Proper Etiquette Relationships

The Cost of Unconditional Love

With great love come great burdens, obligations, responsibilities, and duties. This is true for all love, whether it is romantic, filial, extended family, or friends. Unconditional love is not without a cost and that price includes making sure that we conduct ourselves as being worthy of such love.

There are many ways in which we can make sure that we conduct ourselves properly. We can listen more than we speak, we can be mindful of our words, we can be more giving to others, we can be more understanding of others, and more. As I have said before, social media gives a false impression of closeness and unity while actually dividing people through sophisticated psychological methods. It has turned us into a self-righteous, self-absorbed, vane and judgmental species with an almost complete lack of empathy.

If we look around in nature, we can find many examples of unconditional love. Whales, birds, foxes, wolves, otters, seahorses, coyotes, owls, eagles, geese, penguins, monkeys, hawks, and many others, choose mates for life. Most of us don’t have to look farther than to our devoted pets at home to find excellent examples of unconditional love. One reason people are parting ways today, whether through romance or family and friend relationships, is because they have not been taught (or they have forgotten) how to love others unconditionally. This means knowing when to disagree or argue, when to let it rest, and allowing a person to be himself or herself even if it is not in line with who we are. We may shake our heads and roll our eyes, but we love the person in spite of his or her idiosyncrasies. We are devoted to who they are spiritually. This also means having compassion for others and reaching out to help them when they need anything. Life has continuous uncertainty, coupled with an ability to turn a person’s life upside down in a single moment.
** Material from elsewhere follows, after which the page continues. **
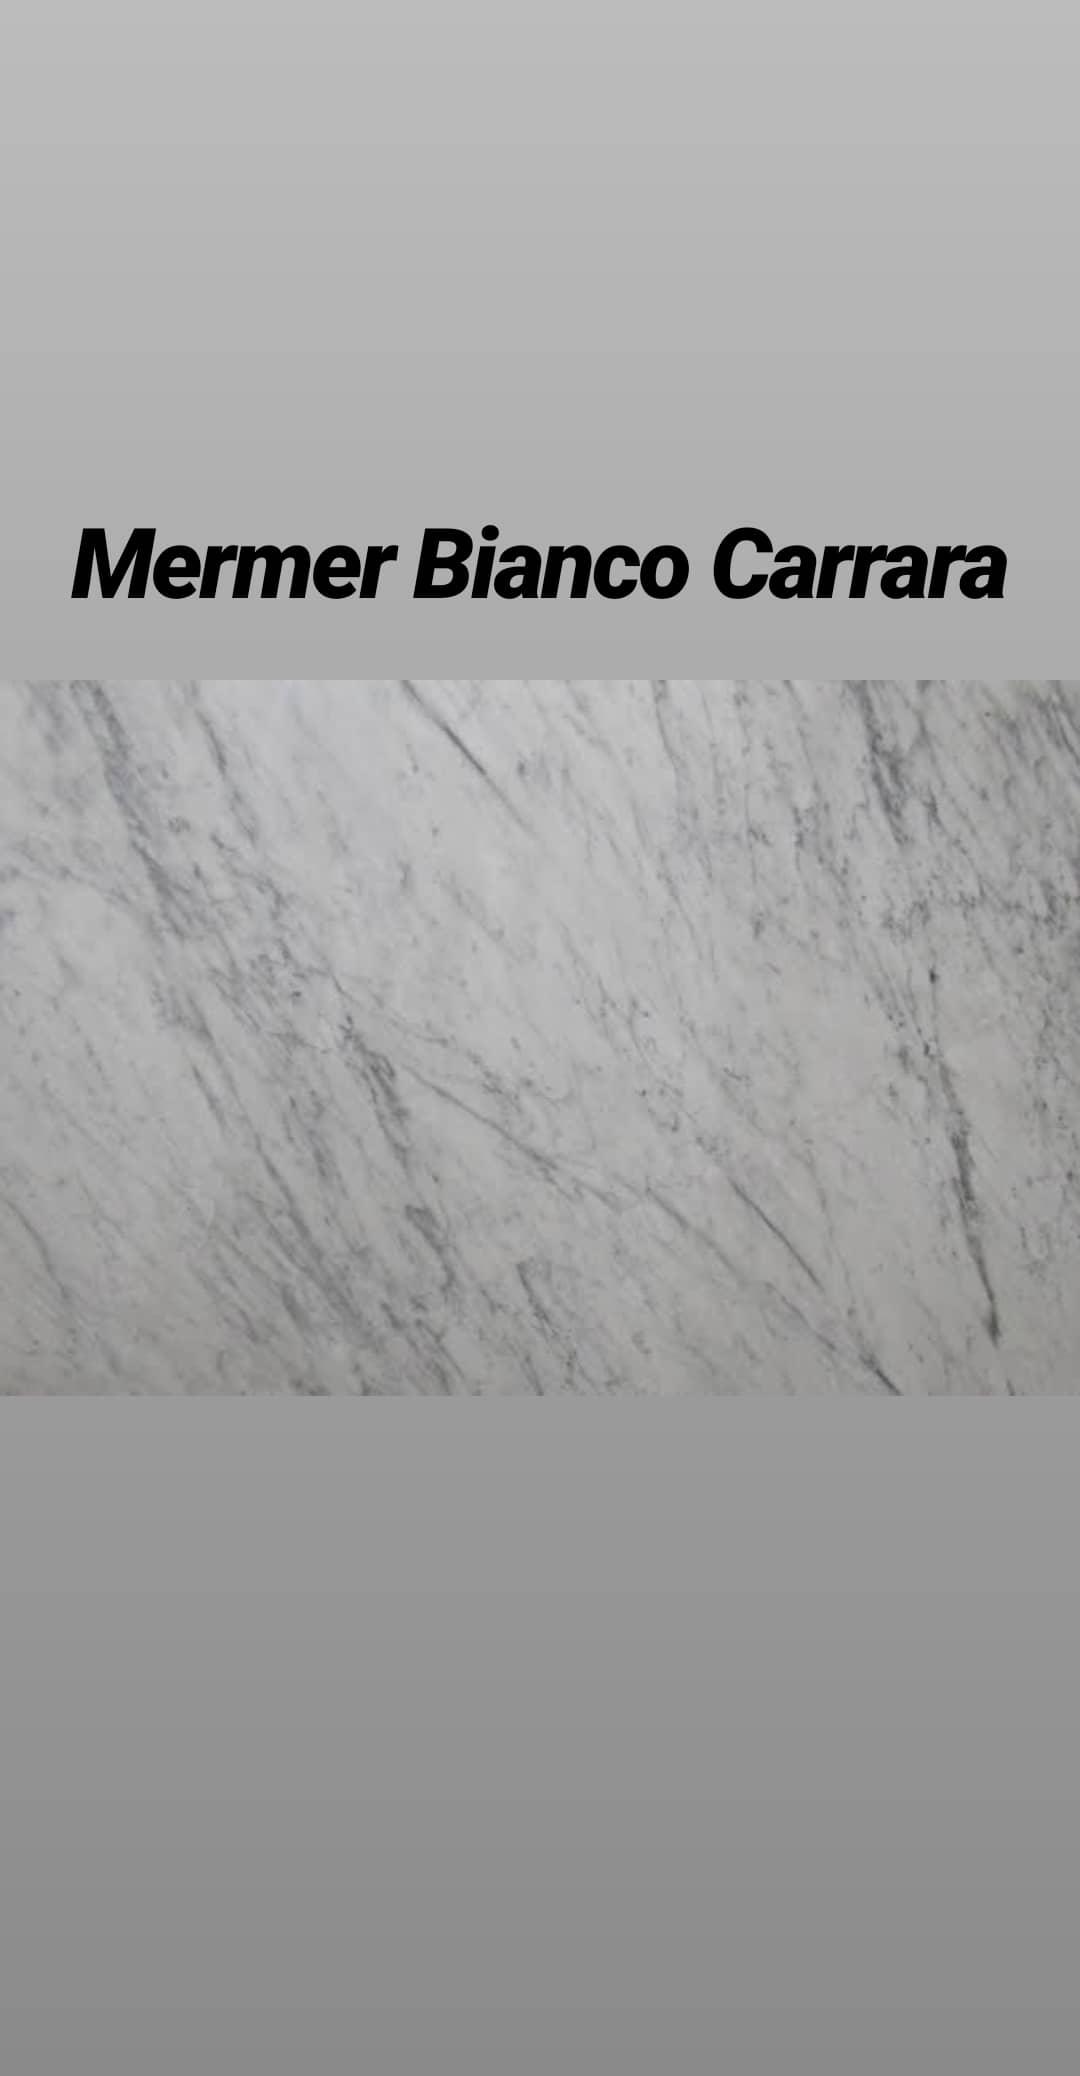 mermer-bianco-carrara---89cbf2ce1527b670a5ecfc8ab2c15f15f5f1594d

We need people on whom we can rely and they need our reliability as desperately.

Everyone pays for unconditional love, whether it is a parent, a child, a sibling, a friend, or a lover. There is abundant risk in loving someone in any form, as people eventually will be separated for ridiculous, benign reasons or through great tragedy. One way that we can minimize the pain we bring to others is by being dependable. We must hold ourselves to a higher standard and to our promises, as we are nothing if we are not as good as our word. It can be costly to be otherwise.

For example, let us imagine that someone you love asks you to let him or her know when you arrive home so that they are aware that you are safe. You agree but perhaps you get home and your phone battery is dead, you forget, you are just too tired or perhaps there is another reason. This person may try to reach you and stay up all night worried. In today’s world, the lack of dependability is so common that we are never sure when it is appropriate to act. In turn, perhaps you did not arrive home safely and you are in need of help. Is the person going to come looking for you? Not necessarily because the person likely will assume that you forgot, but he or she will still worry about you anyway. Is he or she going to call your boss, call your neighbors, send out a search party or anything else? Not if you consistently fall back on your word. It is important to be as good as your word no matter what you have to do to make it happen, because you could find yourself in a situation where you genuinely need help. It could save your life. It also is not fair to the other person to make him or her worry, but that is one cost of unconditional love.

We put ourselves out there anytime we give or receive love. It is the nature of our existence. It will bring joy and pain. Even so, we must strive to be our very best in order to give of ourselves in our purest form, and to receive the greatest gift life has to offer: Unconditional love.

Let us strive to be the very best version of ourselves.